When using the Develop > Transform function the grid lines provided are dark and not easy seen when overlaid on a complimentary colour. 

Is it possible to select a lighter colour, yellow for example?


----------



## prbimages (Dec 20, 2017)

This is annoying, I agree. I haven't found any way to change the colour. What I do as a work-around (on my Windows machine, might be different on a Mac), is to change the "Show Grid:" option from _Auto _(which I prefer) to _Always_. When you do that, the grid colour changes to white and is much easier to see. You can then hold down the Control key (on a PC) to change the grid opacity, if you like.


----------



## Dave Miller (Dec 21, 2017)

Thanks for your input but unfortunately I can not find the equivalent settings on my Mac based software, which doesn't mean that they don't exist, just that I can't find them. :(


----------



## prbimages (Dec 21, 2017)

Dave Miller said:


> Thanks for your input but unfortunately I can not find the equivalent settings on my Mac based software, which doesn't mean that they don't exist, just that I can't find them. :(


Hmmm.
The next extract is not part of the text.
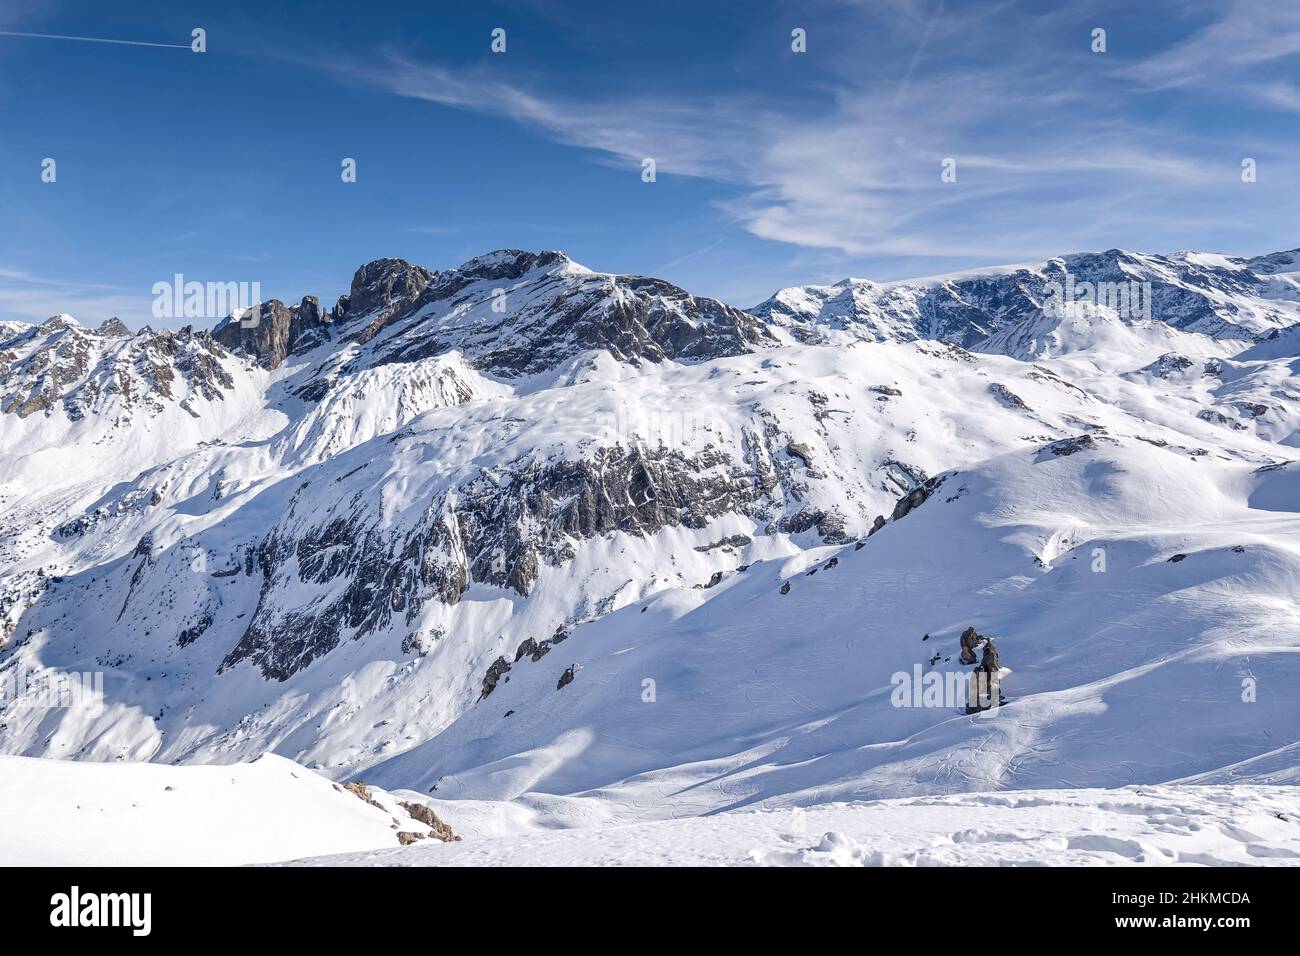 Bergwelt bei Couchevel Moriond, Vallee de Courchevel, Departement Savoie, Frankreich Stock Photo

Maybe some more detail might help? In the _Develop _module, make sure the lower toolbar is showing; if it is not, press the "T" key to bring it up. On that toolbar, at the far right, there should be a little down-arrow where you can set which toolbar options are displayed. Make sure that "Grid Overlay" is one of the options selected. Once that is done, the toolbar should show an option labelled "Show Grid:". Set that to _Always_. Then, you will have a somewhat obtrusive grid displayed over your image. It doesn't matter which of the _Develop _panels you are using, the grid will be displayed, so you will probably want to turn it off (by changing the "Show Grid:" option back to _Auto _or _Never_) when you have finished your Transform adjustments.
Hope this helps


----------



## Dave Miller (Dec 21, 2017)

More detail certainly did help. I've now been able to follow your advice and been able to display the grid.Thanks again for your help, it's appreciated.


----------